What reptiles can you have in a flexarium??? (besides chameleon)

kind regards,

joe.g


----------



## reptile1234 (May 20, 2010)

please i really need help !!!!!!!!!!!!!:blush:


----------



## leefoot (Feb 23, 2010)

stick insects,,:2thumb:


----------



## reptile1234 (May 20, 2010)

reptiles!!!! but thanks


----------



## tokay (Mar 13, 2007)

Toy ones :whistling2:


----------



## Evilshiddenclaws (May 25, 2010)

whats a flexarium??


----------



## Mountain (Sep 7, 2009)

Depends on what the temp & humidity requirements are.
Also depends on what temp & humidity you can offer an animal in a flexarium.
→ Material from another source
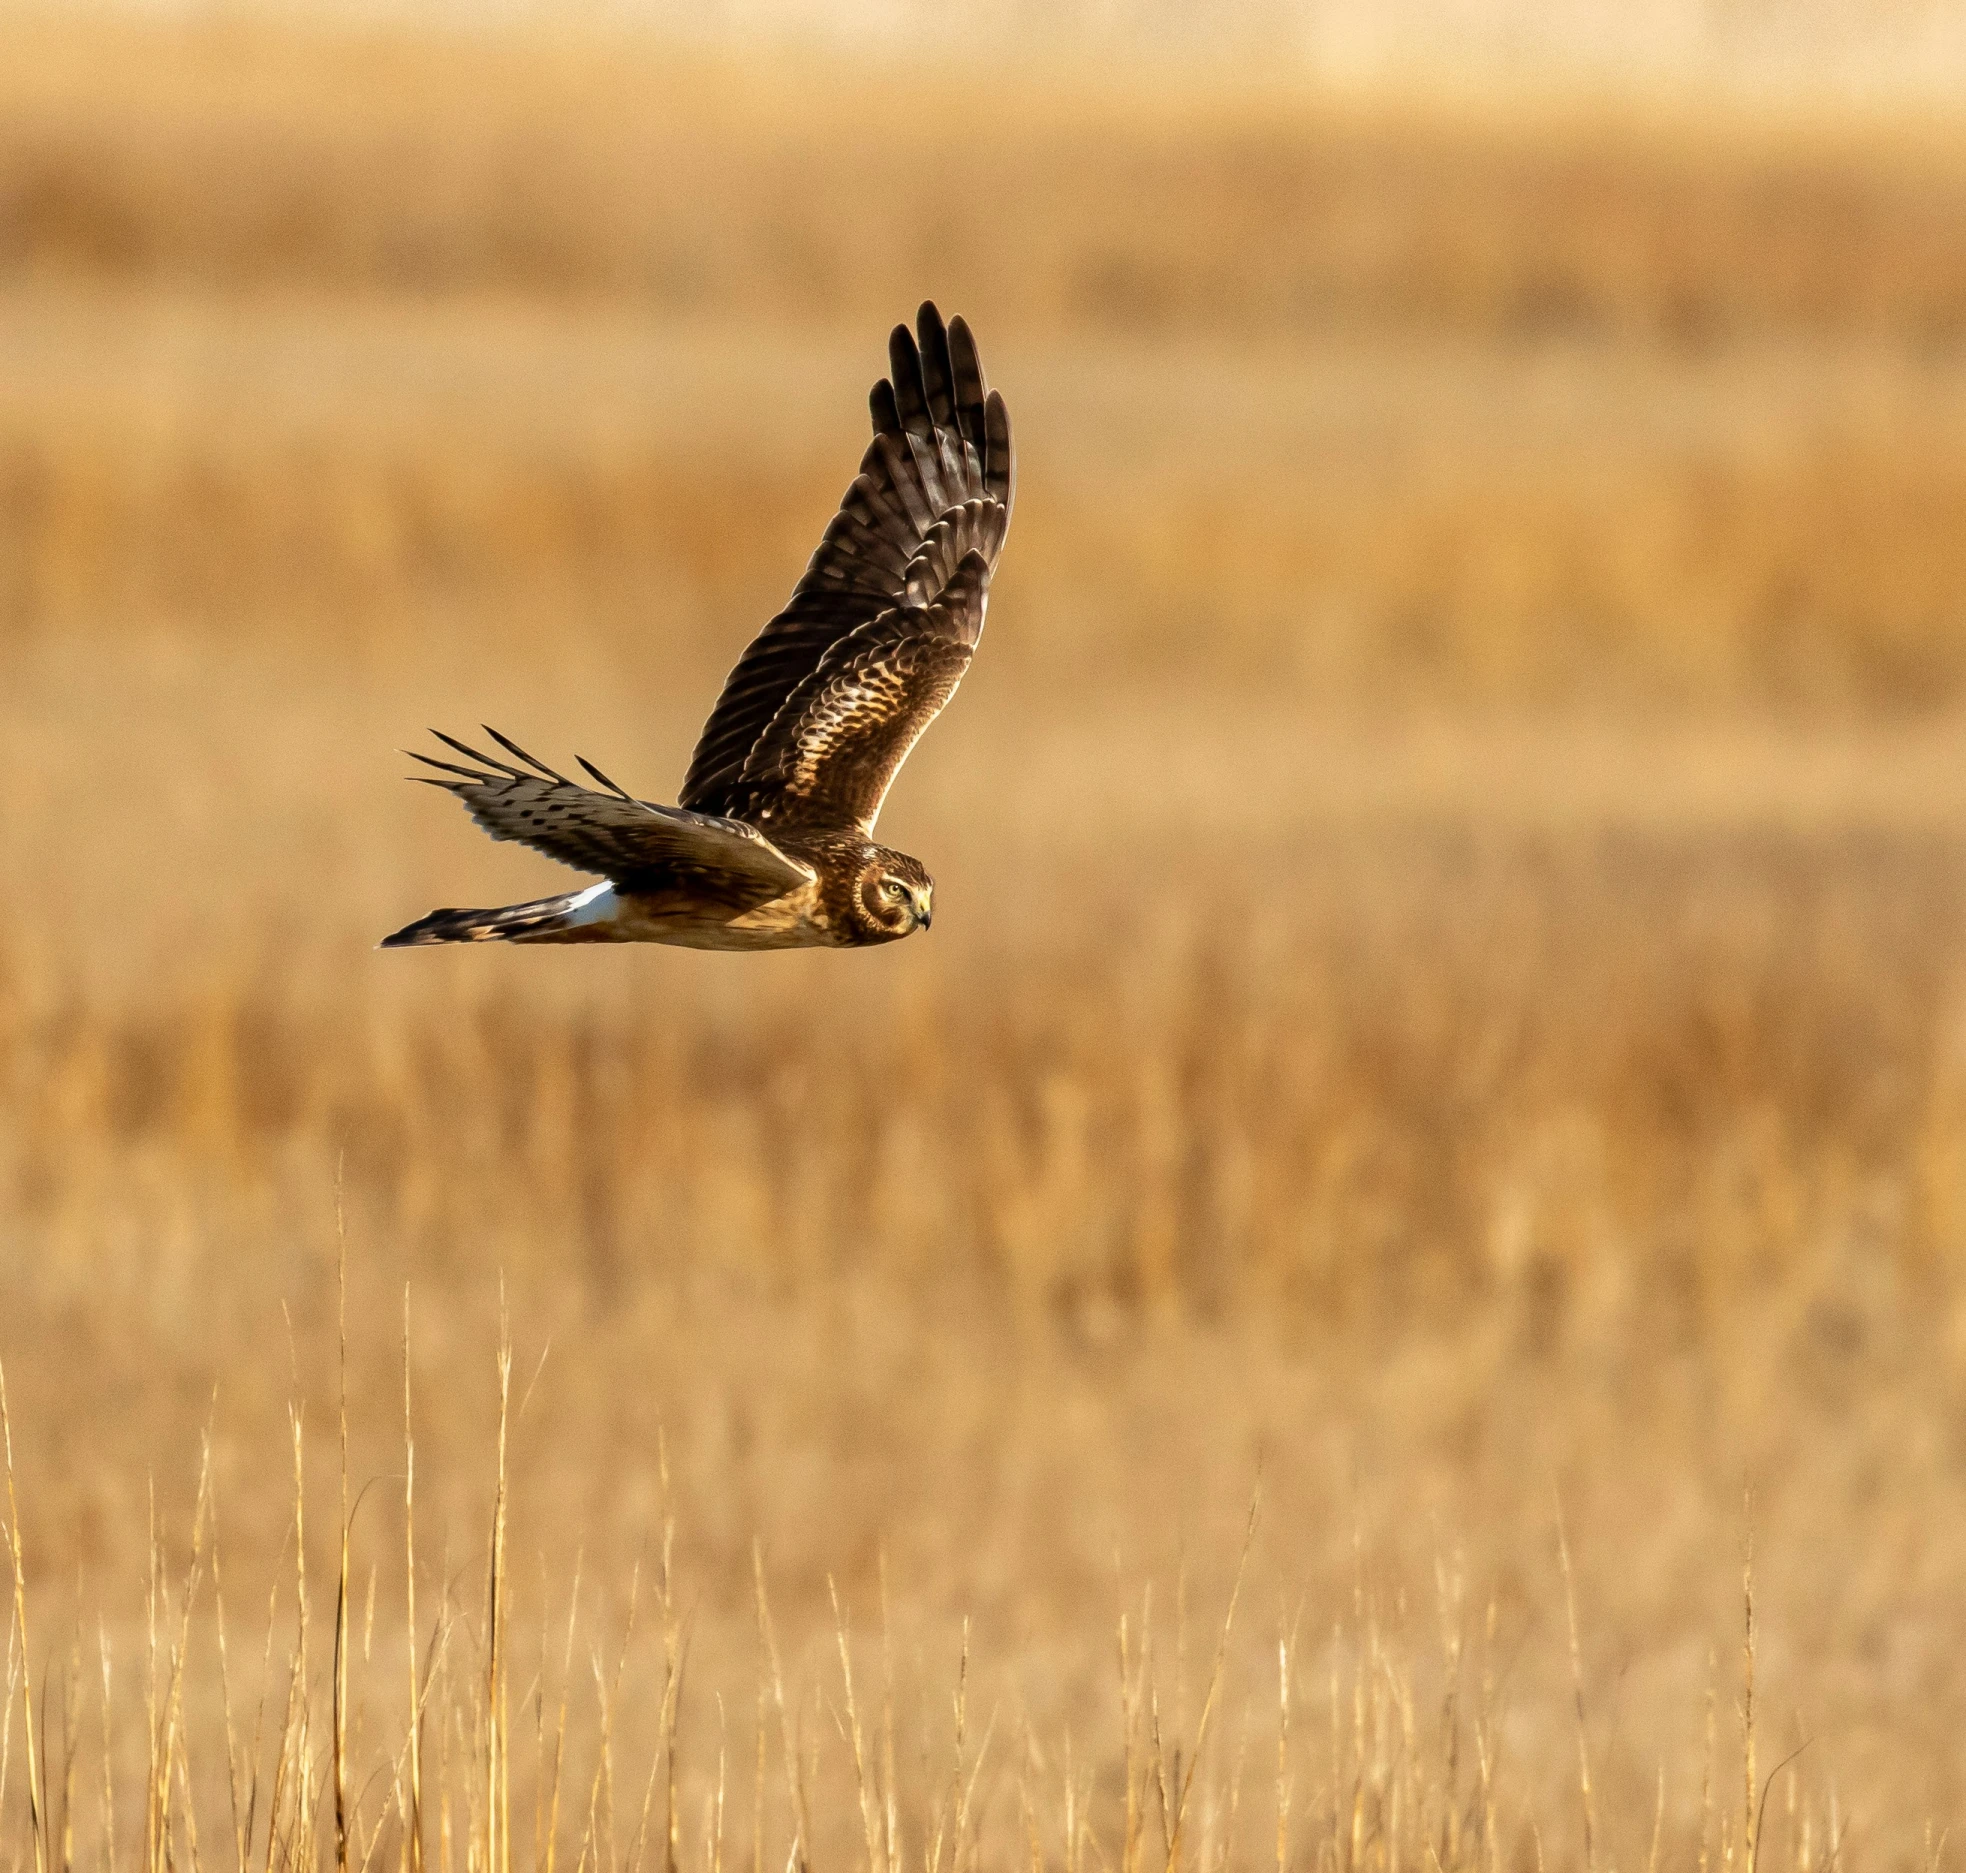 a bird in flight above a dry grass field

I do however recommend using vivs for snakes.


----------



## Spencer95 (Feb 20, 2010)

cuban knight anoles


----------



## reptile1234 (May 20, 2010)

cheerz guys how about a rough green snake?????


----------



## maddragon29 (Oct 16, 2008)

I wouldn't use a flexi for a snake of any kind, they are just such good escape artists. And if you want to put heat sources in it you need to put holes in it... and holes = ways out!


----------